To calculate the isentropic work (\(W_s\)), we assume the fluid undergoes no changes in kinetic and potential energy and there is no significant heat transfer with the surroundings. The formula used is:

\[ W_s = \frac{(P_{out} - P_{in}) \times \text{mass flow rate}}{\text{density}} \]

This process assumes an ideal scenario, helping us estimate the best-case scenario for the pump's work requirements without any real-world inefficiencies.

Hourly Cost Calculation

Calculating the hourly cost of running an electrically-driven pump involves understanding both the power consumption and the cost of electricity. We already know the actual work the pump does is 15 kW. The electricity cost is given as 8 cents per kWh.
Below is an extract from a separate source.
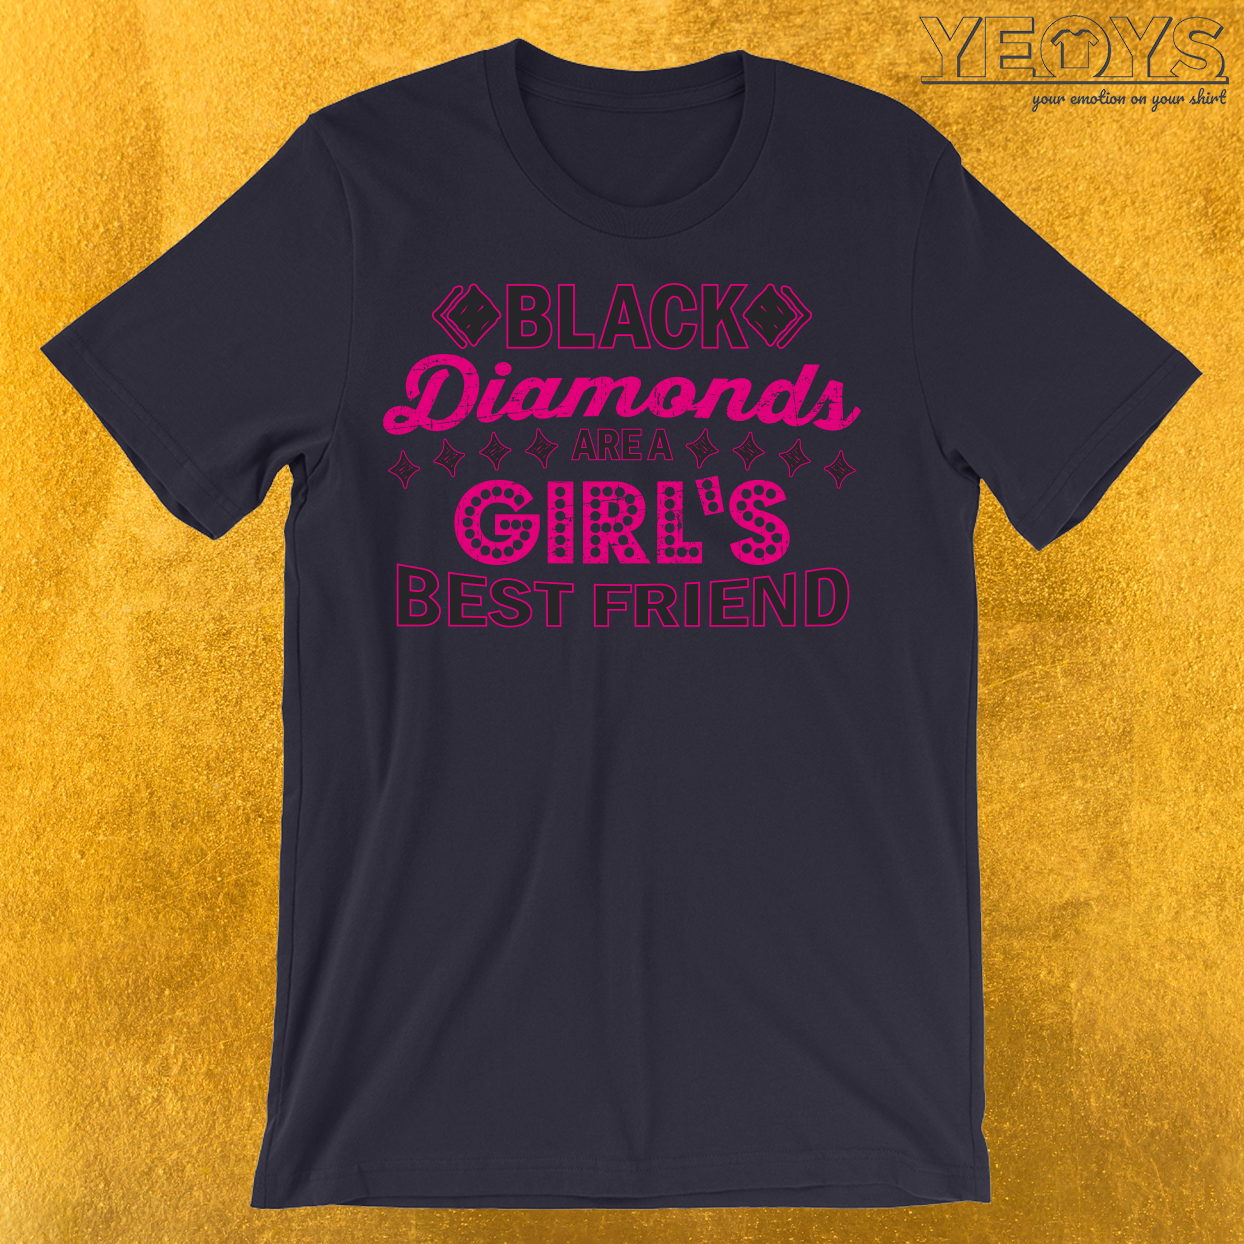 Black Diamonds Girl's Best Friend T-Shirt
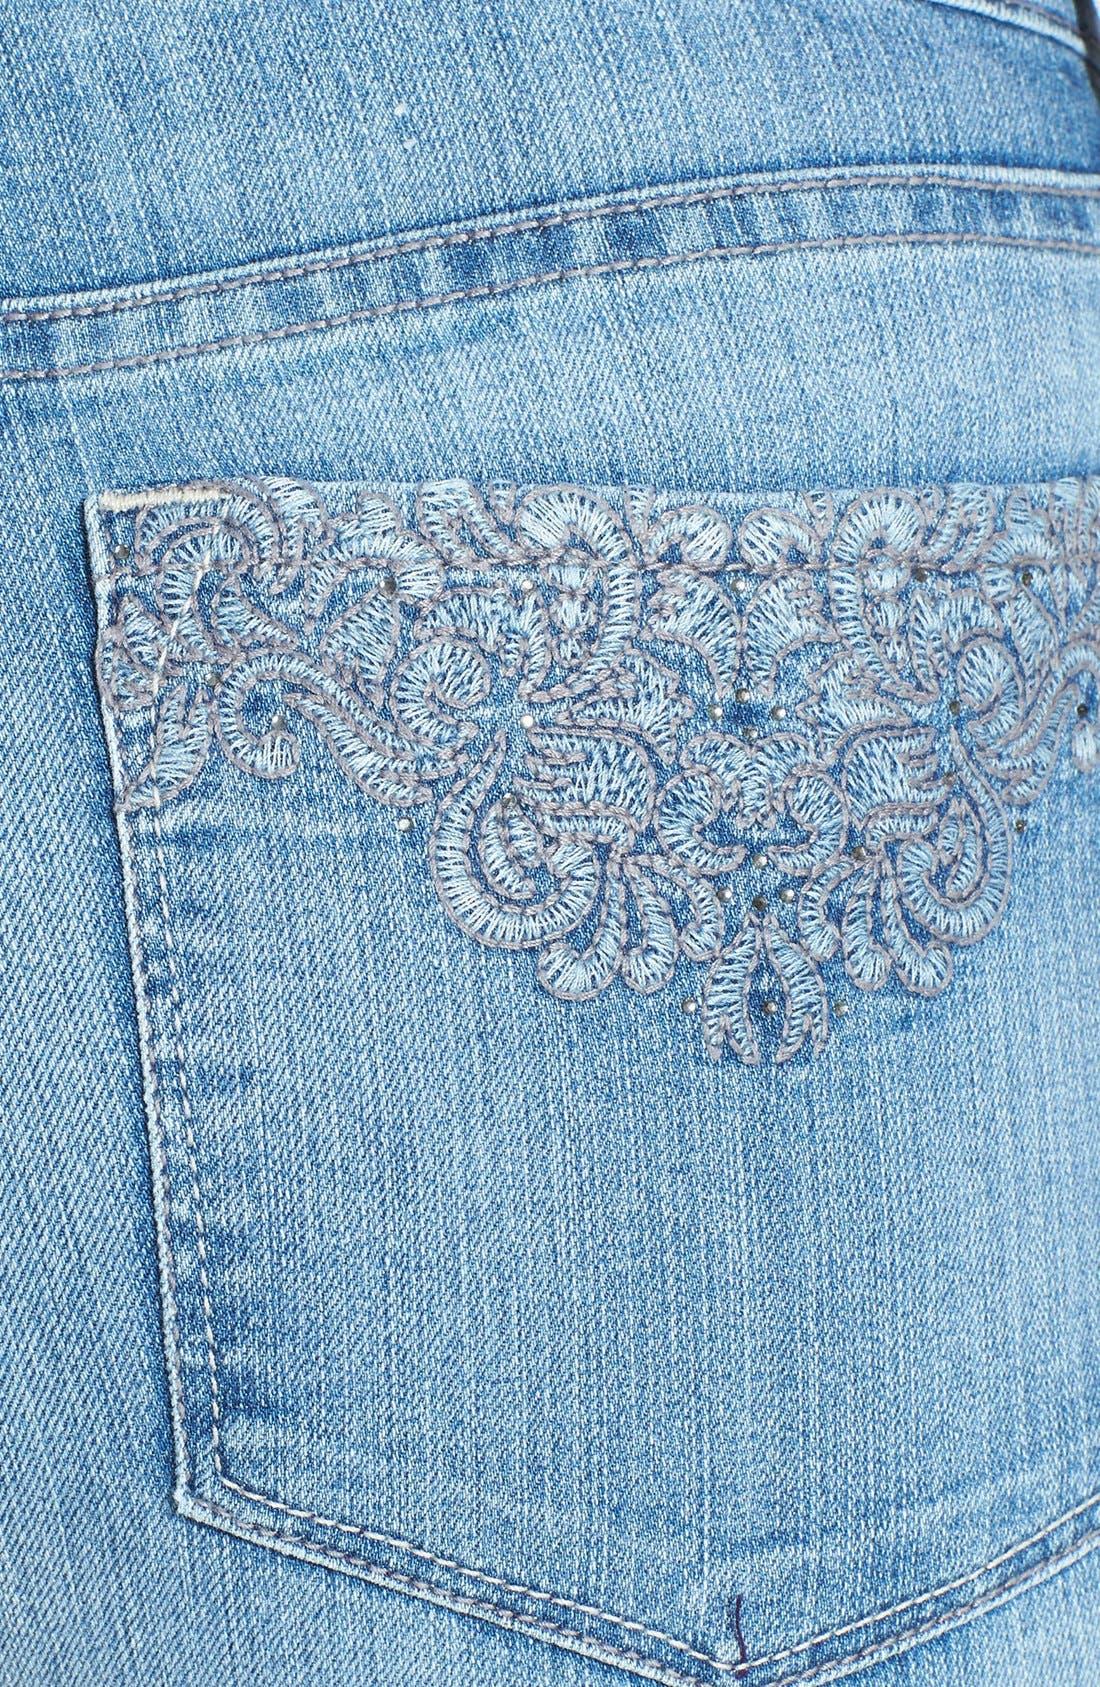 Alternate Image 3  - NYDJ 'Sheri' Stretch Skinny Jeans (Palos Verdes) (Regular & Petite)

To calculate the hourly cost, use the formula:

\[ \text{Cost} = W_{actual} \times \text{electricity rate} \times \text{operational time} \]

Given the electricity rate is 8 cents/kWh and we are interested in the cost for one hour of operation, we get:
\[ \text{Cost} = 15 \text{ kW} \times 8 \text{ cents/kW} \times 1 \text{ h} = 120 \text{ cents} = 1.2 \text{ dollars/hour} \]

Thus, the hourly cost of running the pump is $1.2, considering both the efficiency of the pump and the cost of electricity.